Why Does the Media Have a Problem With Hailey Bieber Using Justin’s Name?

Sorry, but it's her name, too

(Photo: Getty)
(Photo: Getty)

The current way we learn about celeb beauty lines is via trademark filings, and the latest to follow in Rihanna, Kim K and Kylie’s footsteps is Hailey Bieber. According to legal documents obtained by TMZ, she just filed the paperwork for “Bieber Beauty,” which likely means we’ll be getting either a skincare or makeup line from the model sometime in the near future.

But, instead of hypothesizing what products she might be launching (our bets are on a chic red lipstick and allll the brow prods), both TMZ and Perez Hilton chose to focus on the idea that she’s”using”—or worse, “cashing in on”—her husband’s name.
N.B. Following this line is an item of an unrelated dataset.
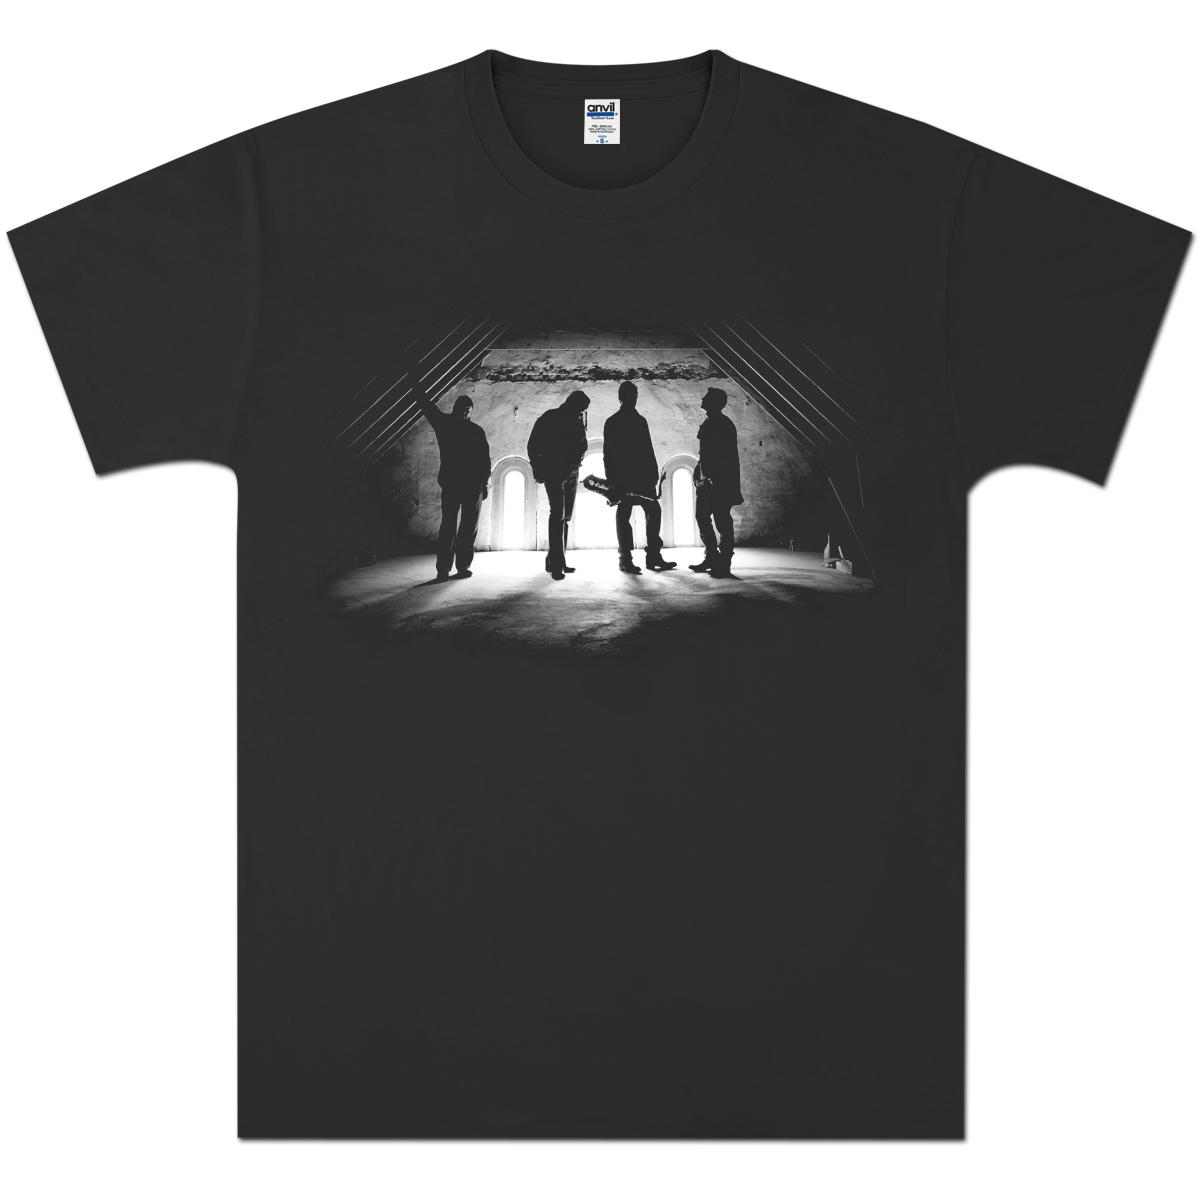 DMB Danny Clinch Photo Shirt Version 2

K, first of all, it’s not just her husband’s name. When she married him, she decided to take his name, thus it is now also her name. This is… not that unusual? (According to a 2015 survey by the New York Times‘ Upshot section, 30% of women keep their maiden names in some form, which means 70% of women change their names after marriage.) And while we know some people feel taking your husband’s name is feeding into the patriarchy, we’re here for people making their own choices about what to call themselves. So, assuming she willingly chose to change her last name from Baldwin to Bieber, she has every right to it.

Second, so what if she does want to capitalize on arguably one of the most recognizable celebrity names? That’s her prerogative, and when you’re trying to make it in this crazy, messed up world, why not use everything you’ve got to make your dreams happen. Especially if your husband—and your new last name—have already experienced success in the industry you’re hoping to conquer.

To be fair, it’s not like Bieber is starting from scratch here. She’s already a celebrity in her own right, and she probably would have found success throwing it back to her maiden name with “Baldwin Beauty,” or going the Kardashian/Jenner route with “HB Beauty” or “Hailey Cosmetics.”

So, instead of criticizing this new line while it barely exists, let’s wait and see what it actually ends up including. Then, we can judge it for the important things, like whether the products measure up, and if they’re inclusive, sustainably-produced and packaged and cruelty-free. Fingers crossed for all of the above.